TASK ITEM »
Omitting all images, output the entries that follow exactly as written.

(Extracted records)

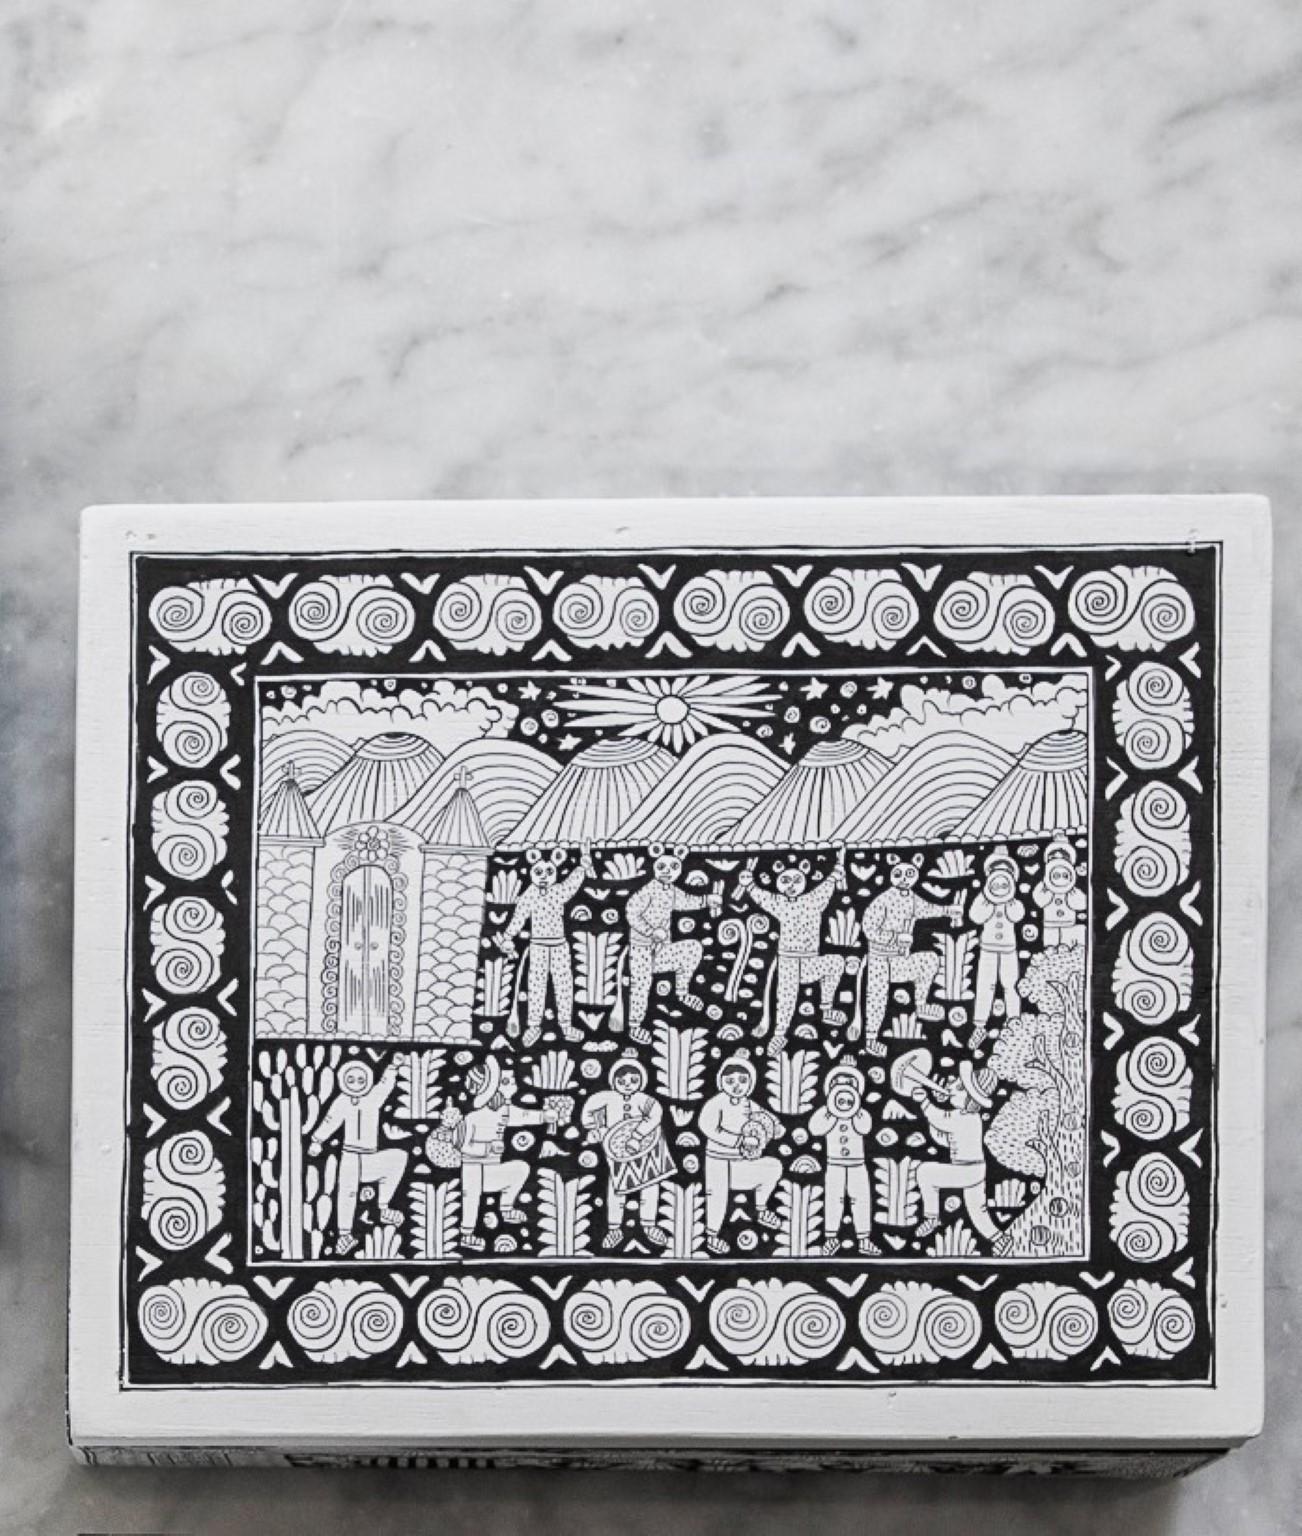 Xalitla-Schachtel von Onora
Abmessungen: 25 x 20 cm
Materialien: Freihand bemaltes Holz

Handbemalte Teedose aus Xalitla, Guerrero. Die auf jedem Stück gemalten Szenen zeigen das alltägliche Leben in dieser Region von Guerrero, von der
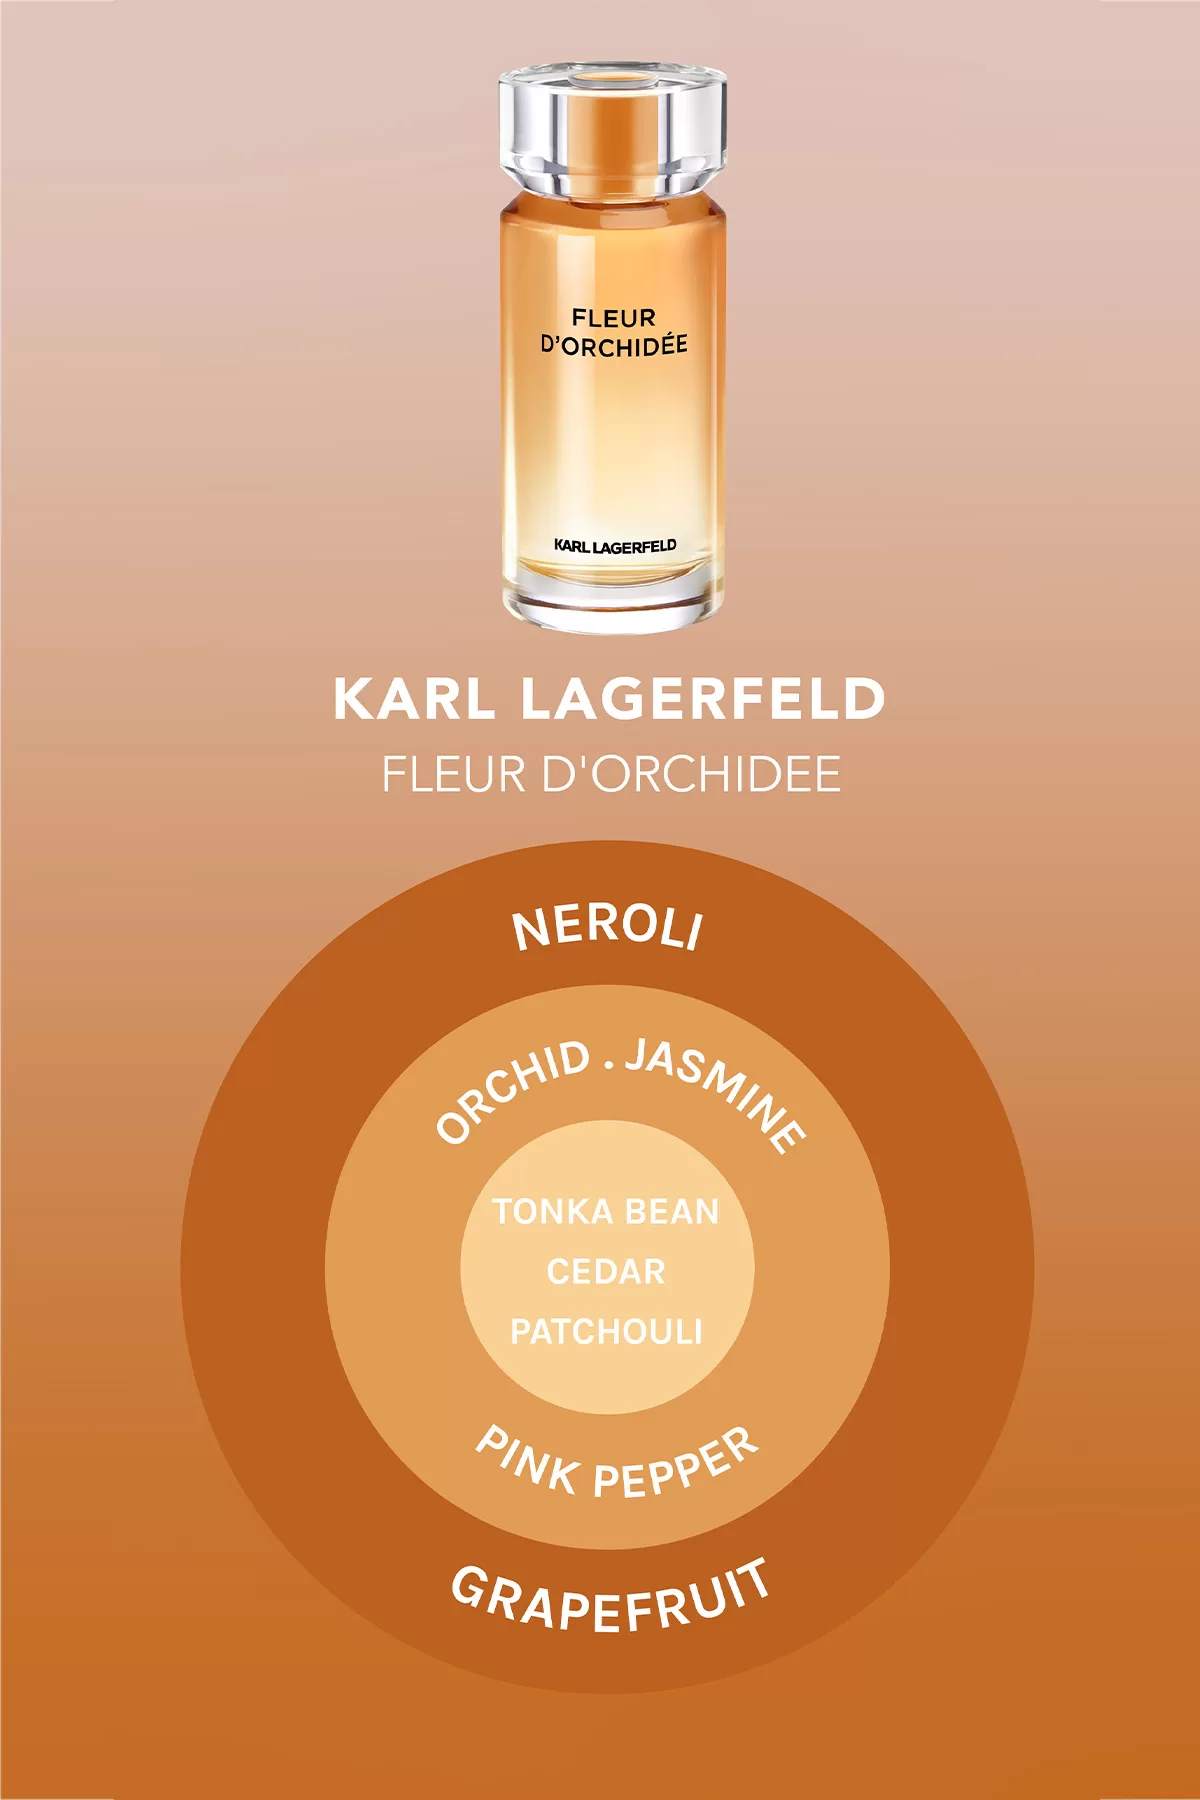 Karl Lagerfeld Fleur d’Orchidée

TASK ANSWER »
 Xalitla-Schachtel von Onora
Abmessungen: 25 x 20 cm
Materialien: Freihand bemaltes Holz

Handbemalte Teedose aus Xalitla, Guerrero. Die auf jedem Stück gemalten Szenen zeigen das alltägliche Leben in dieser Region von Guerrero, von der
 Karl Lagerfeld Fleur d’Orchidée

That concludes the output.